▶ [What you will do]: Below is a listing with pictures. Repeat exactly the lines starting at the one holding "3d Wall Stickers" and going on through the one holding "Helen Ficalora 14k", and leave every picture out.
Segment Start: Data for analysis
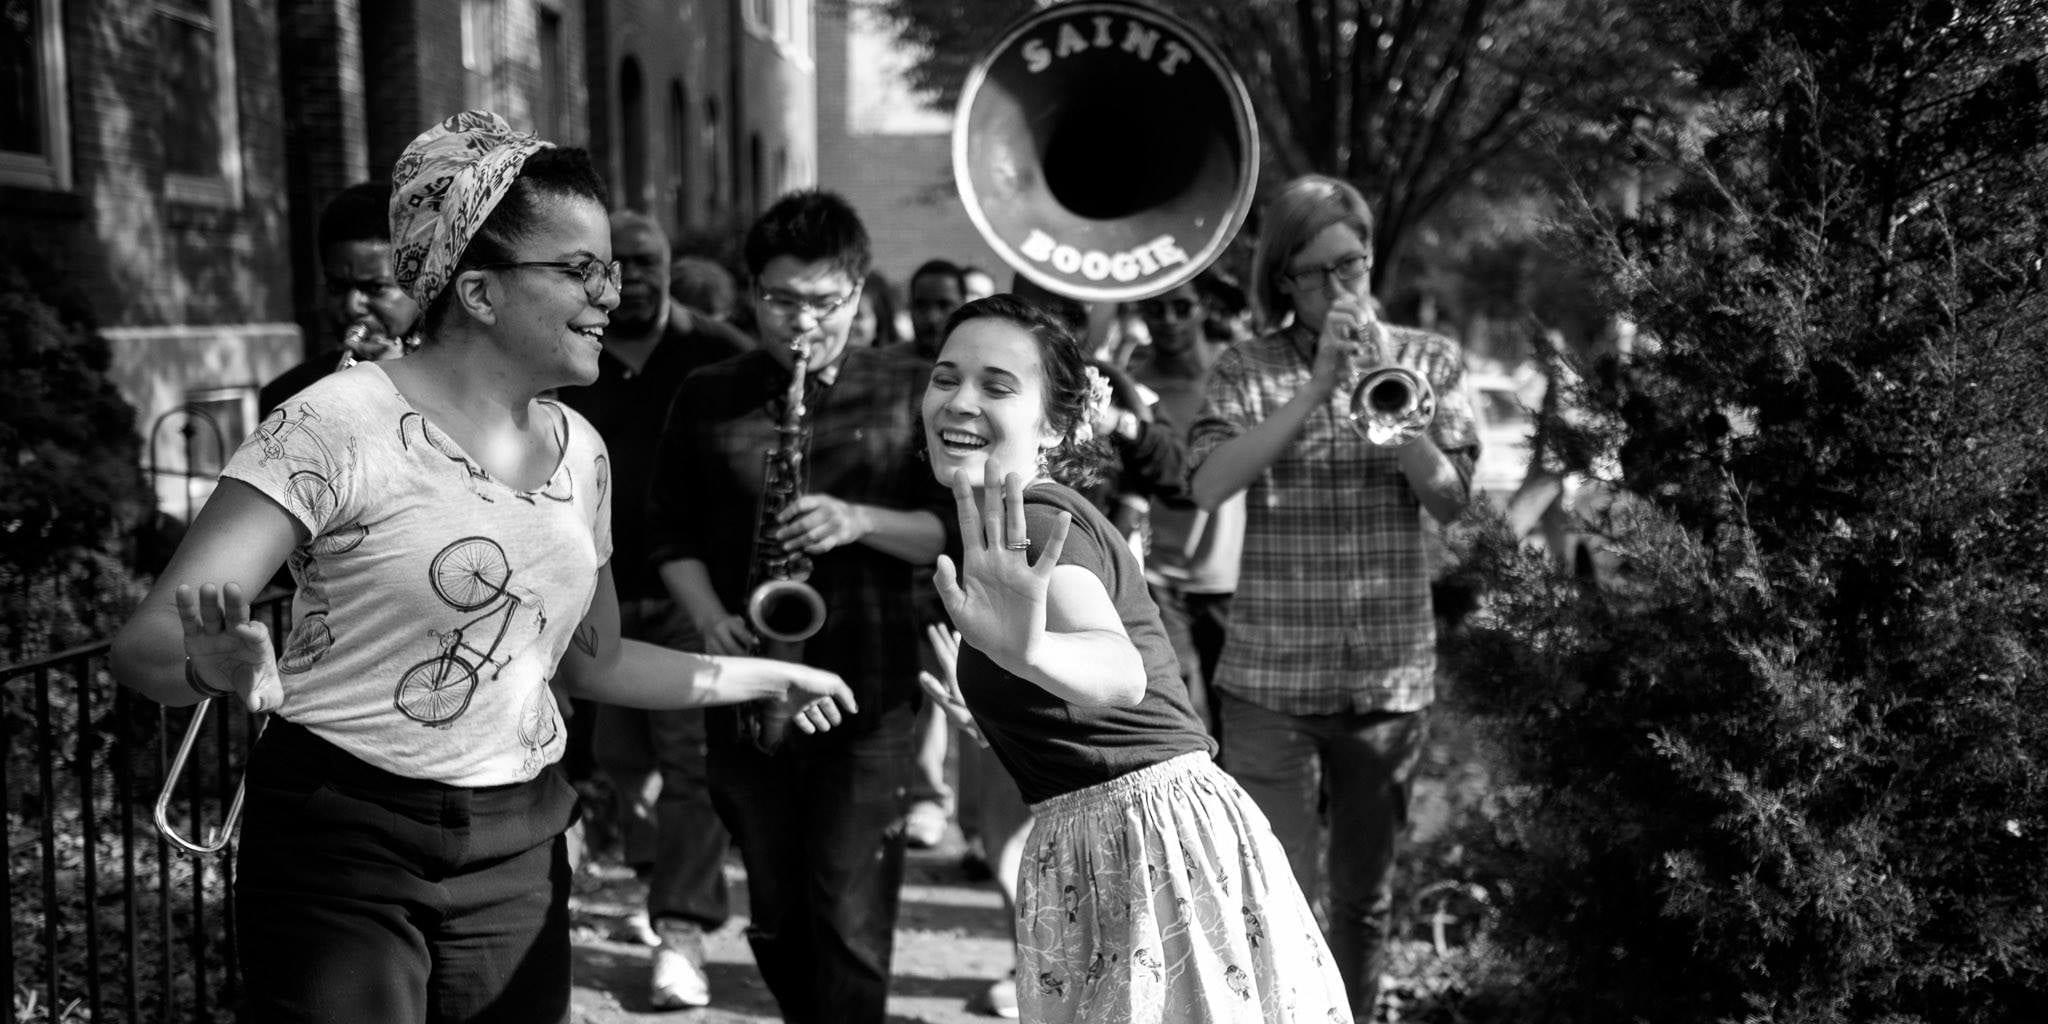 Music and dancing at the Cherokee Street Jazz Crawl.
Segment End: Data for analysis
Segment Start: Data for analysis
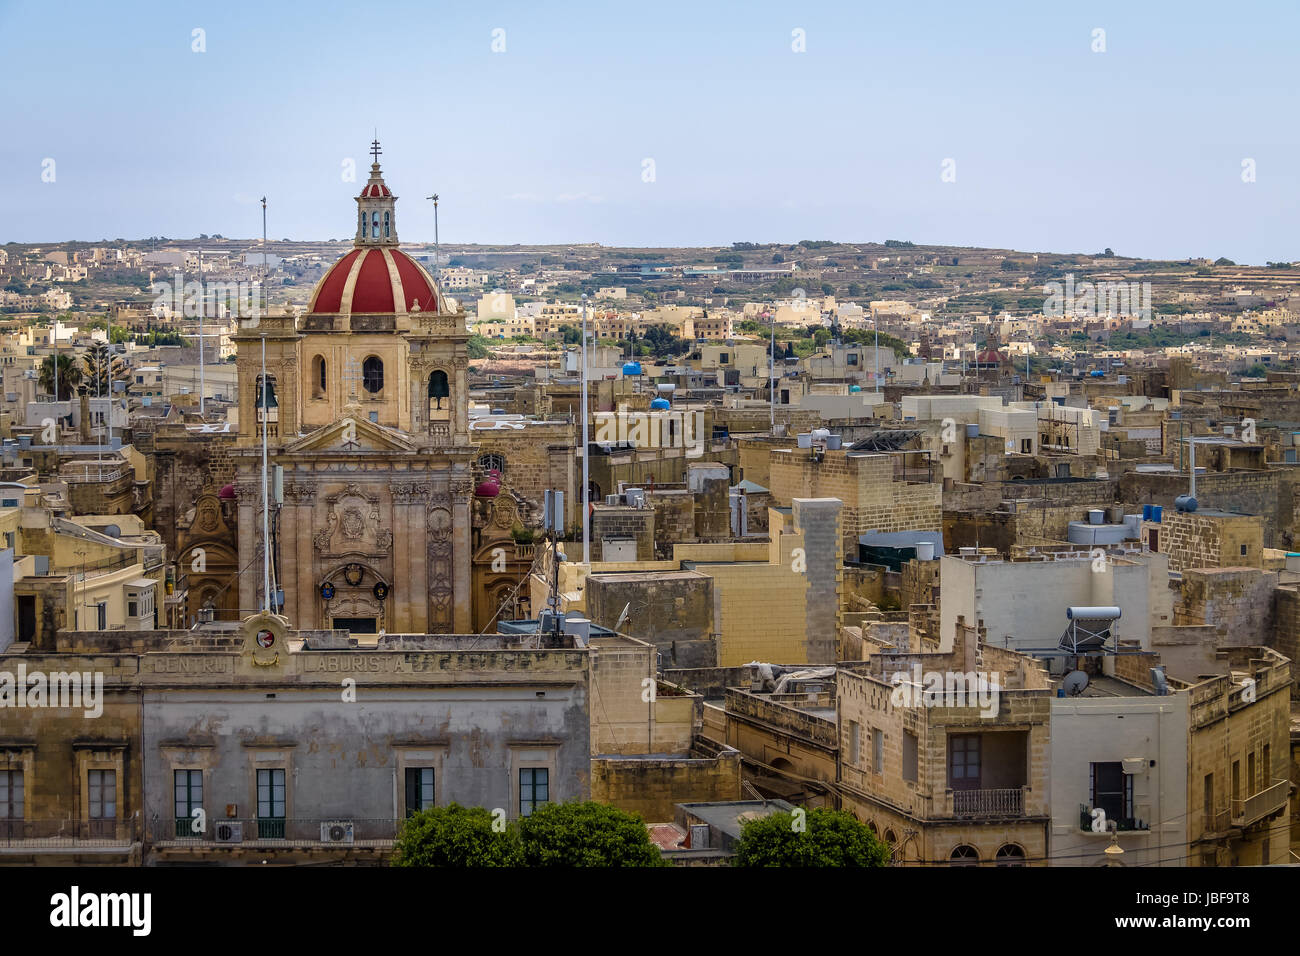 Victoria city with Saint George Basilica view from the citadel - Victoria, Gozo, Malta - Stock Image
Segment End: Data for analysis
Segment Start: Data for analysis
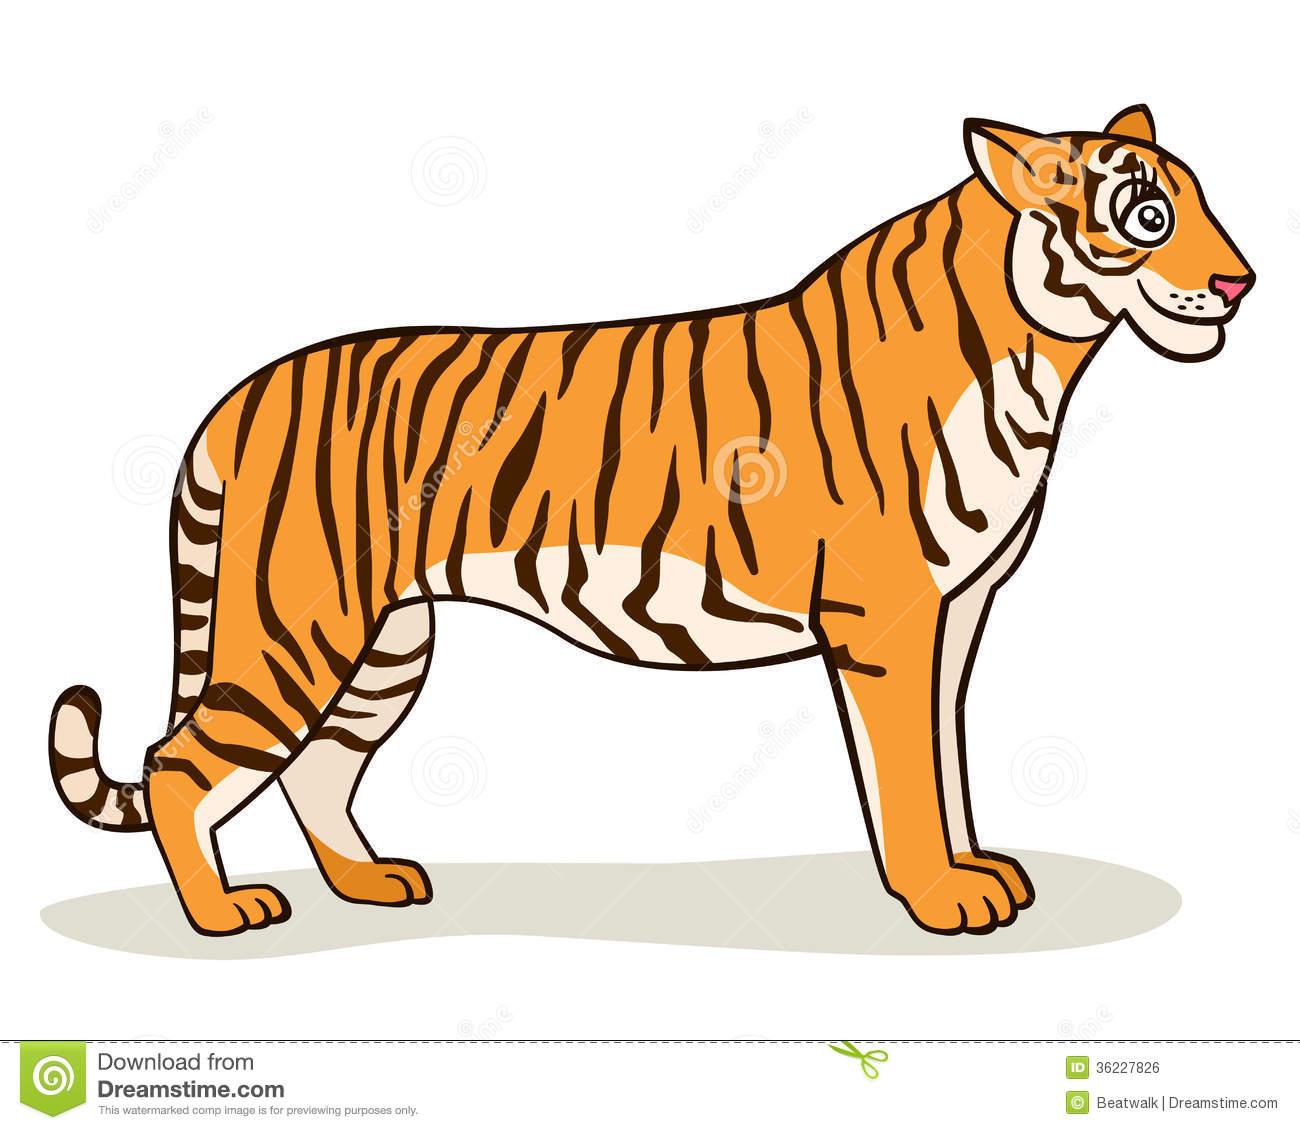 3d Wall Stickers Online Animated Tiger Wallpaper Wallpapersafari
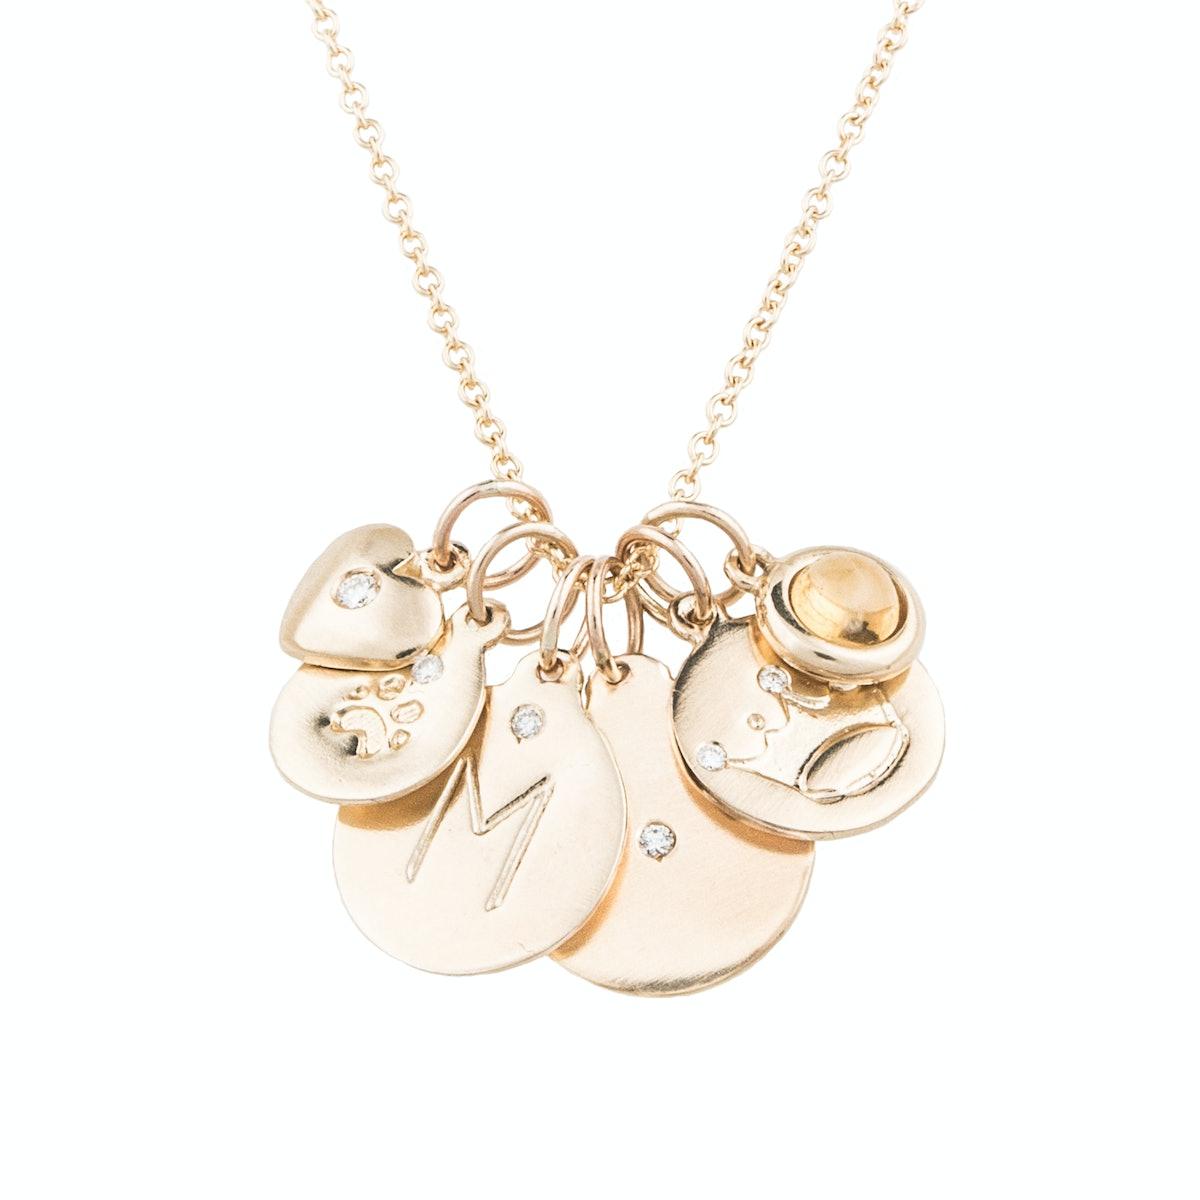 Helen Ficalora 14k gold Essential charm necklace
Segment End: Data for analysis
▶ [Exercise response]:
 3d Wall Stickers Online Animated Tiger Wallpaper Wallpapersafari
 Helen Ficalora 14k gold Essential charm necklace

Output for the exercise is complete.